The original trunk release cable...at least on earlier cars...is similar in appearance to the hood release handle...again...at least in earlier cars. If your car originally had one it would be obvious so it must have come with a power release...that it has a solenoid proves that. Someone must have removed the wiring or at least disconnected it. There was no solenoid used with the manual release cable. The power release button could be in one of three places...under the dash to the right or left of the steering wheel or inside the glove compartment.

You can test the solenoid by applying 12 volts to it and making sure it's grounded...the solenoid will either work or not. If it does, then either find the release button if there's still one and run a connection or add a momentary release button and wire it to the solenoid. I'm not sure of what amp fuse to use but the button should give an amperage value...the solenoid might have its specs stamped on its casing as well.

If the solenoid doesn't work, you should be able to find a replacement from a local automotive electrical supplier or from Nostalgic Motors or Myer's Studebaker.

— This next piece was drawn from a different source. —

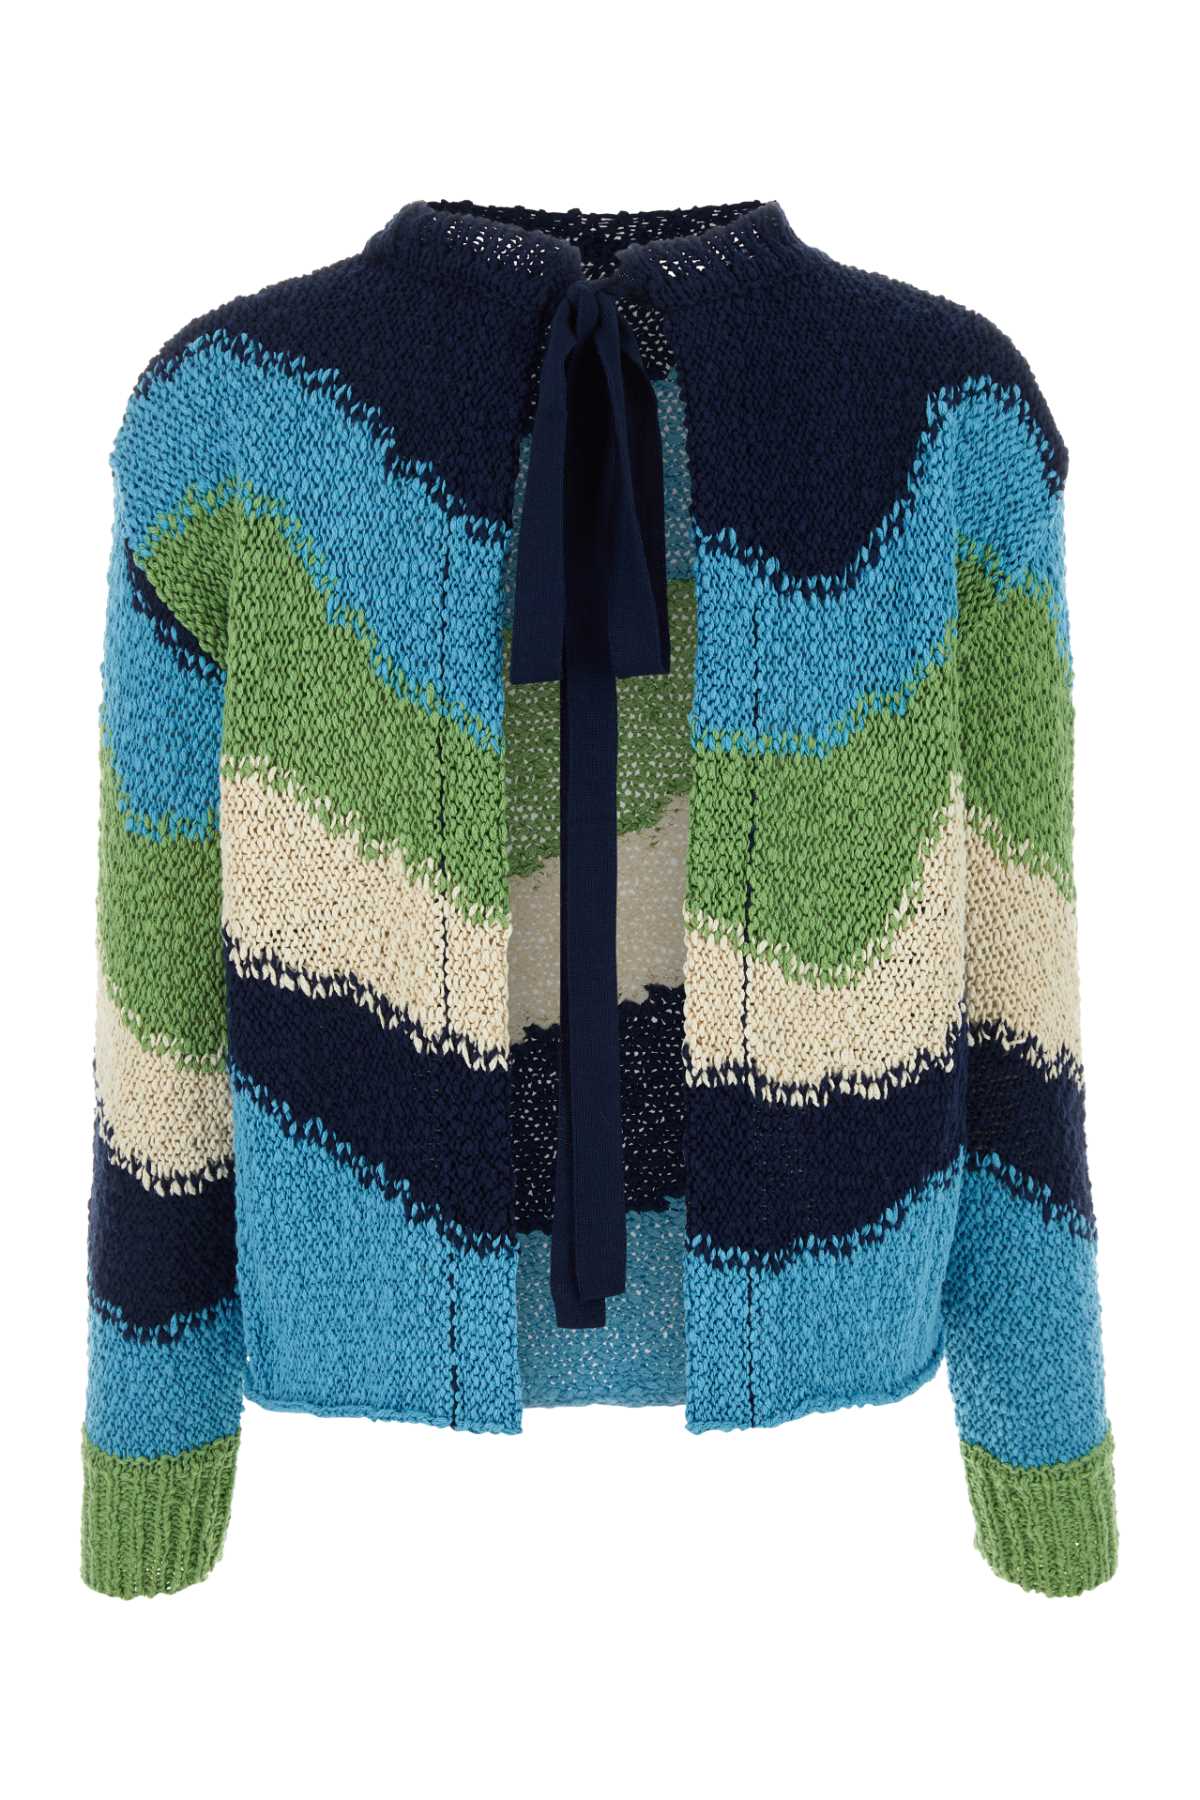 Marni Embroidered Cotton Sweater In Powderblue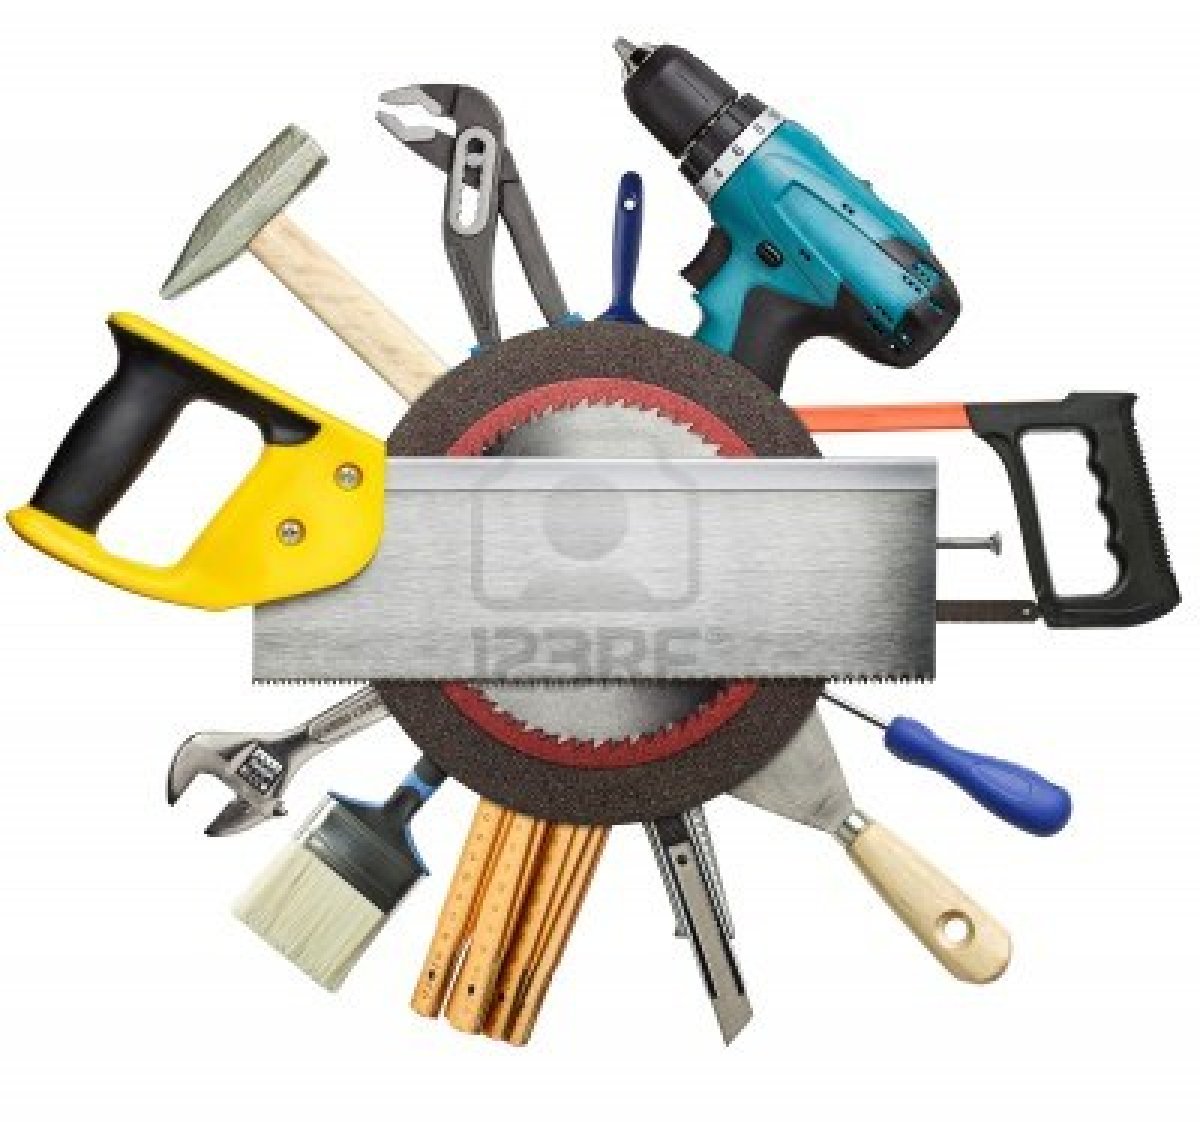 Carpentry Tools - Carpentry Tools Basic Information

Until you get that sorted out and a positive method of opening the trunk, keep a long screwdriver and flashlight in the car so you can open the trunk through the access panel in the rear shelf. I learned many years ago from others to leave the trunk unlocked unless you absolutely have to have security of what's inside. That reduces the wear on the trunk lock cable or solenoid.

The courtesy lights...again...on earlier cars...was the under dash light that illuminated the console that turned on and off when the doors opened and closed. The switches should be on the door bulkheads between the hinges. You can't use just any on/off switch...they cannot be self-grounding as with most cars due to the fiberglass body...they have to have a ground and hot wire.

The lights over the rear windows were illuminated manually...again...on earlier cars. After the mid 1970's, lots of little things were changed on the cars due to running out of original parts and new items sourced or due to changing costs or standards.